In the wake of the recent WeWork debacle, all eyes are now on SoftBank. But for Masayoshi Son, the current losses with WeWork and Uber are “mere child’s play” in one’s pursuit of visionary companies that can solve unsolvable problems.

Contrarian View: The case for SoftBank and Masayoshi Son's audacious bets on tech startups across the world

Monday November 04, 2019 , 13 min Read

Masayoshi Son, Softbank

For all of us in the startup world, we've heard and participated in conversations about the recent WeWork debacle. And an overwhelming part of these conversations have centred around SoftBank and its massive investments on tech startups across the world.

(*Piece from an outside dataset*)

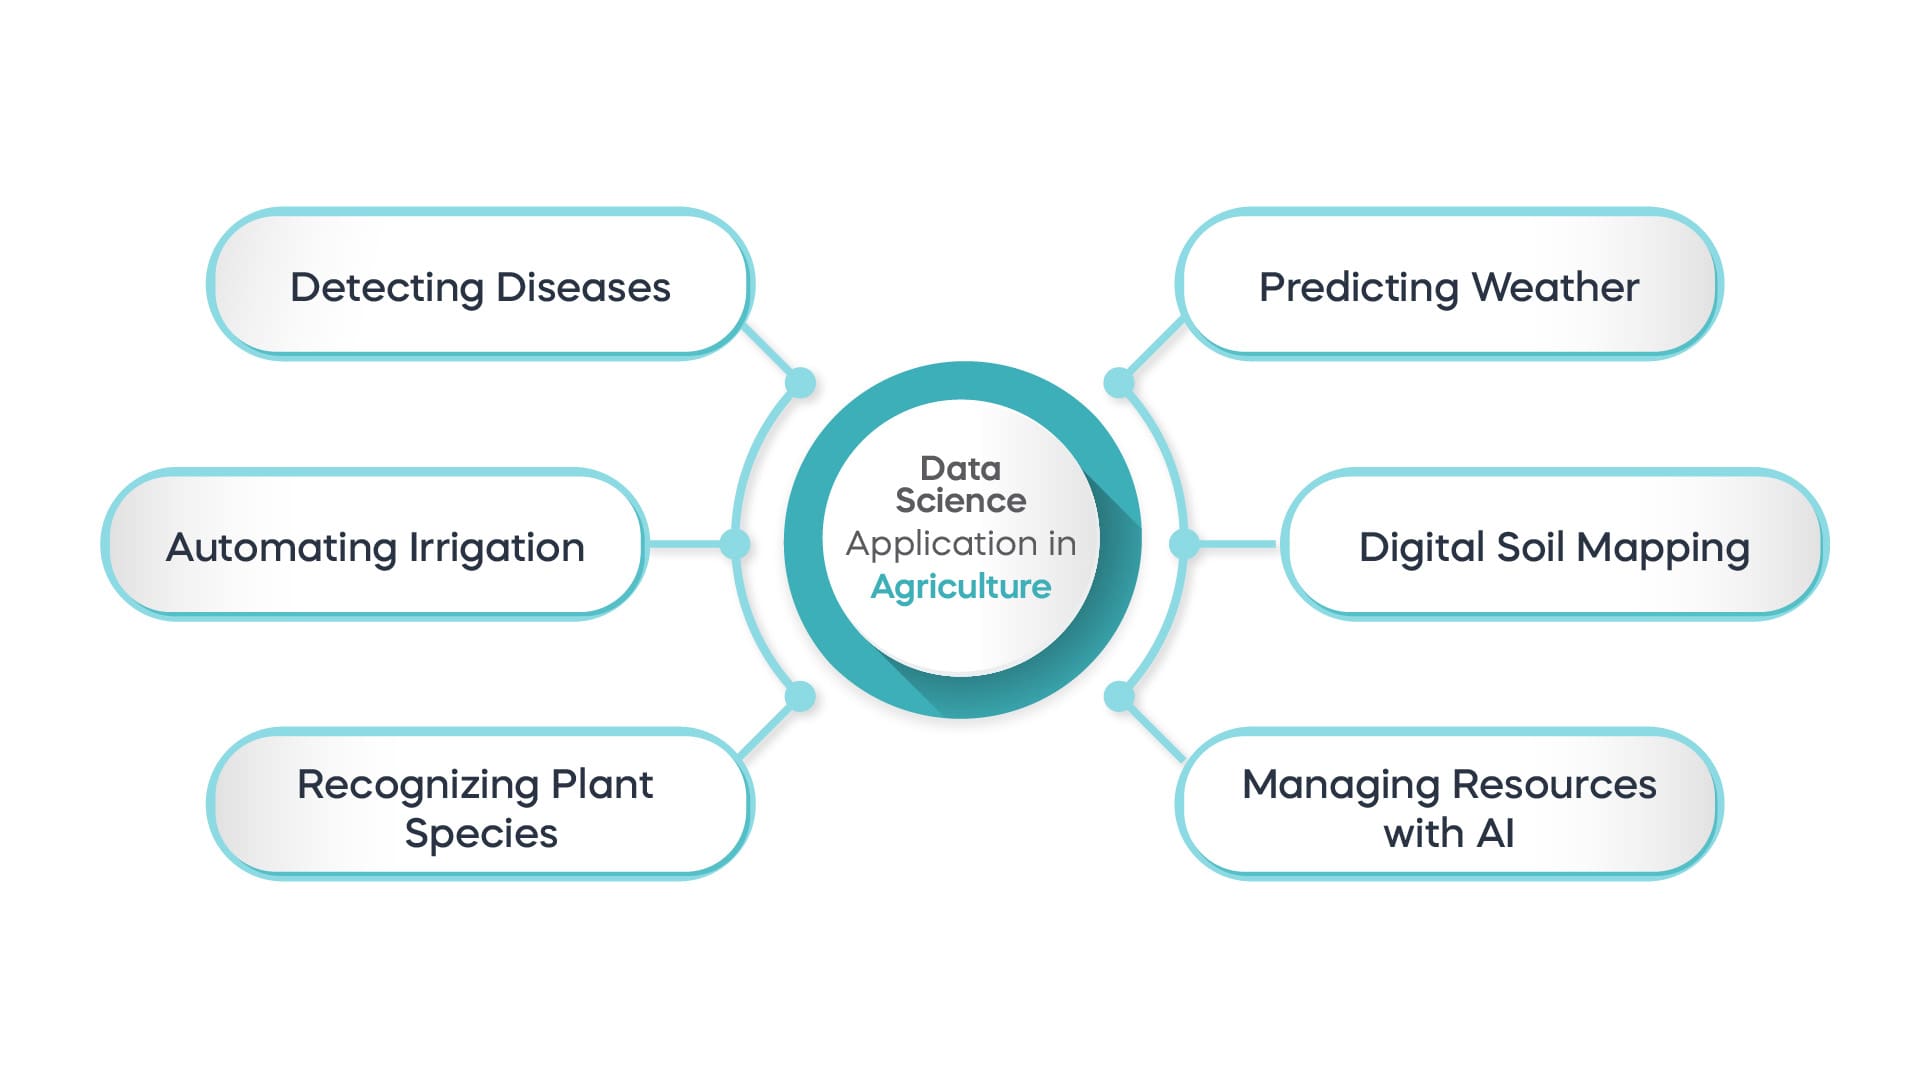 A mindmap showing the different applications of data science in agriculture - detecting diseases, predicting the weather, digital soil mapping, managing resources with AI, recognizing plant species, and automating irrigation.

To be sure, the Japanese investment firm, which orchestrated a $9.5 billion bailout of the office-rental company WeWork, is suddenly under scrutiny for its audacious bets on disruptive startups around the world.

But do you agree that just as people are an expression of their genes, companies too are expressions of their founder’s traits to a large extent? Could we also say that SoftBank’s audaciousness can, hence, be traced to its founder’s tenacity, boldness, and, perhaps even, an instinct that is his very own?

And let's not forget that we're quick to celebrate these risky bets at the time they are made, laud every small success that follows, but then we're even quicker to criticise the losses and make a noise over any sign of weakness.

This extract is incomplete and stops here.